**GIVEN INFORMATION**
+--

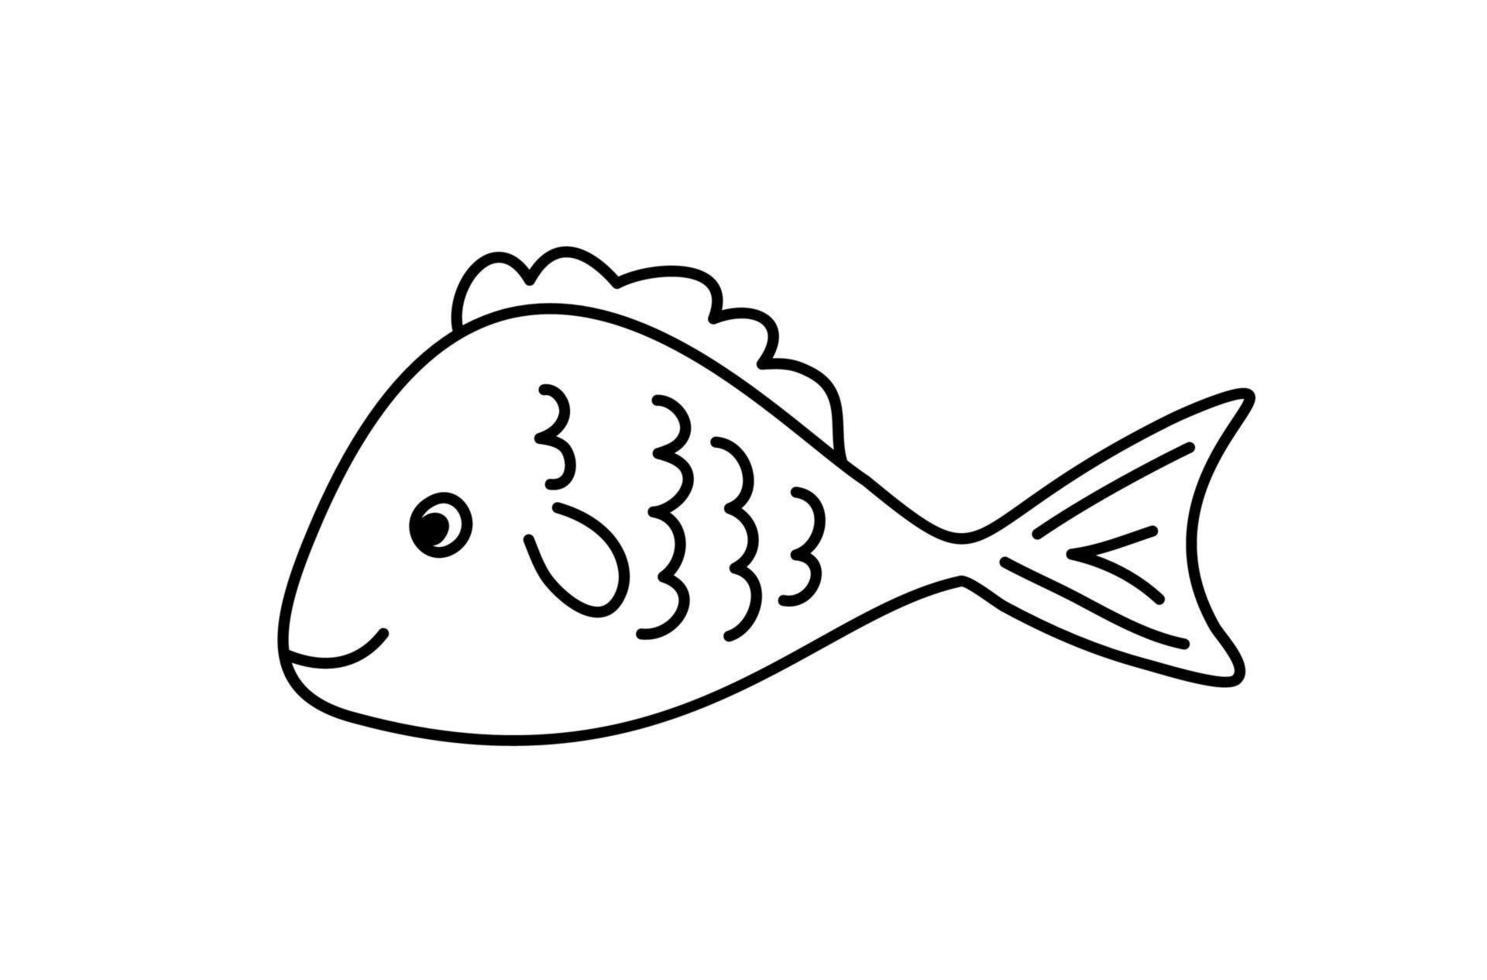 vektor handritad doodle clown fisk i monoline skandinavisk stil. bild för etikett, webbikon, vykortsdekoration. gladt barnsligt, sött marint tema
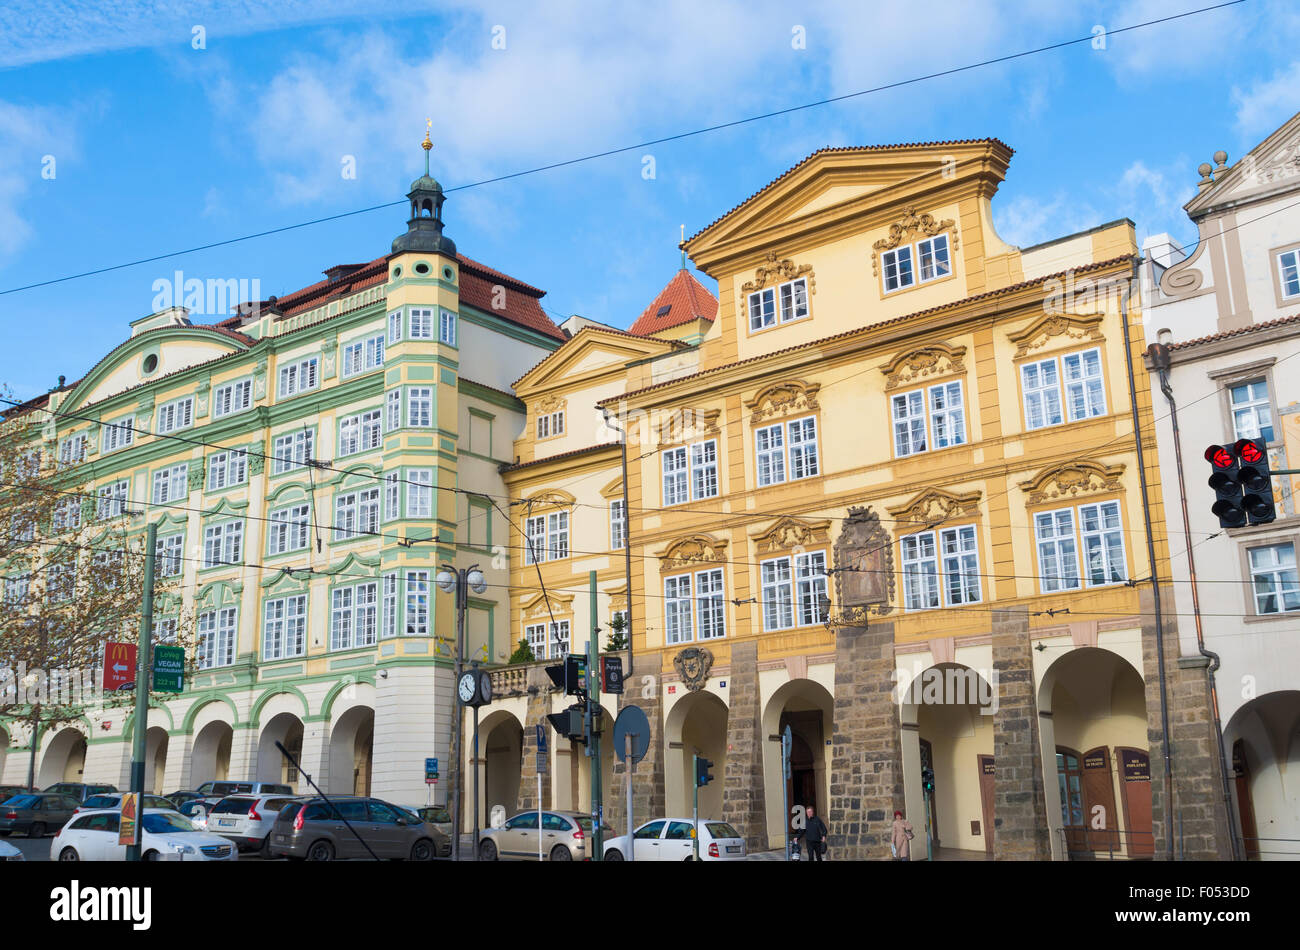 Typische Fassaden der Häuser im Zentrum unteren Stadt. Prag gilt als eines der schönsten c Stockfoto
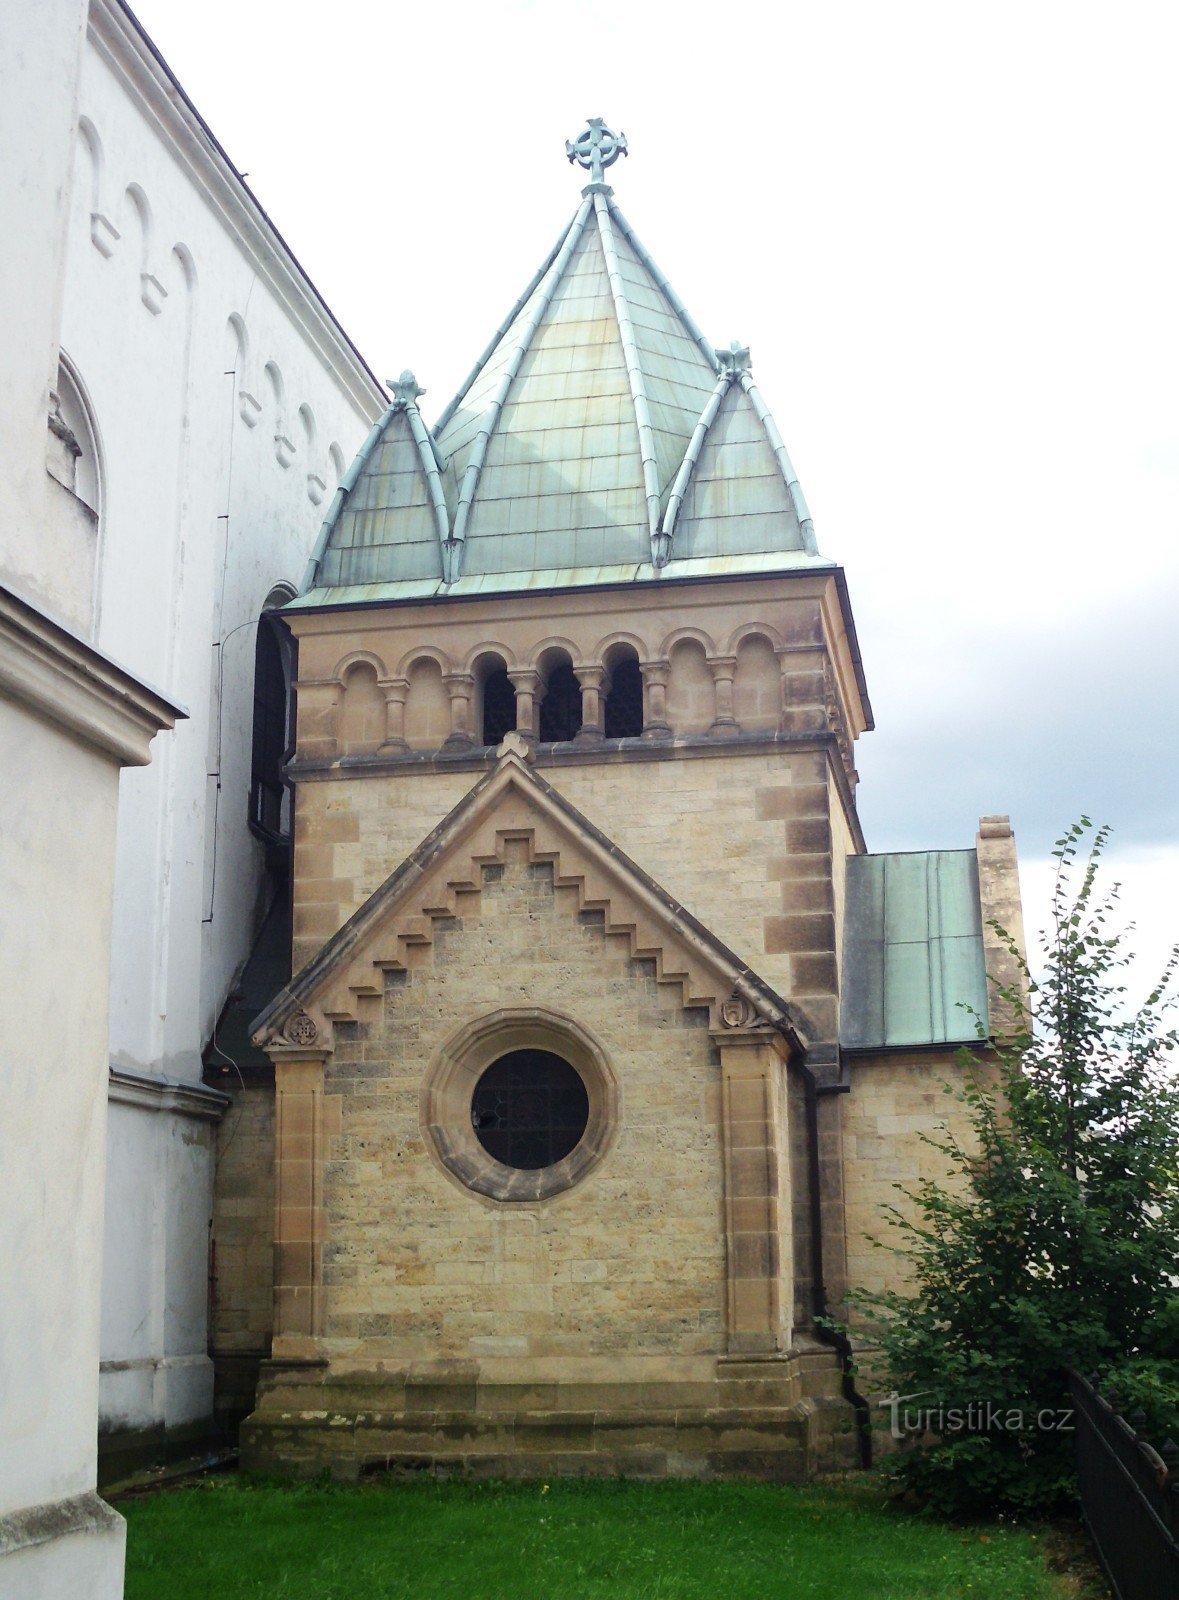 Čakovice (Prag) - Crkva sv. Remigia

+--

**TASK TO CARRY OUT**
Leaving images out, please output every line of the data exactly.

**RESULT OF THE TASK**
 vektor handritad doodle clown fisk i monoline skandinavisk stil. bild för etikett, webbikon, vykortsdekoration. gladt barnsligt, sött marint tema
 Typische Fassaden der Häuser im Zentrum unteren Stadt. Prag gilt als eines der schönsten c Stockfoto
 Čakovice (Prag) - Crkva sv. Remigia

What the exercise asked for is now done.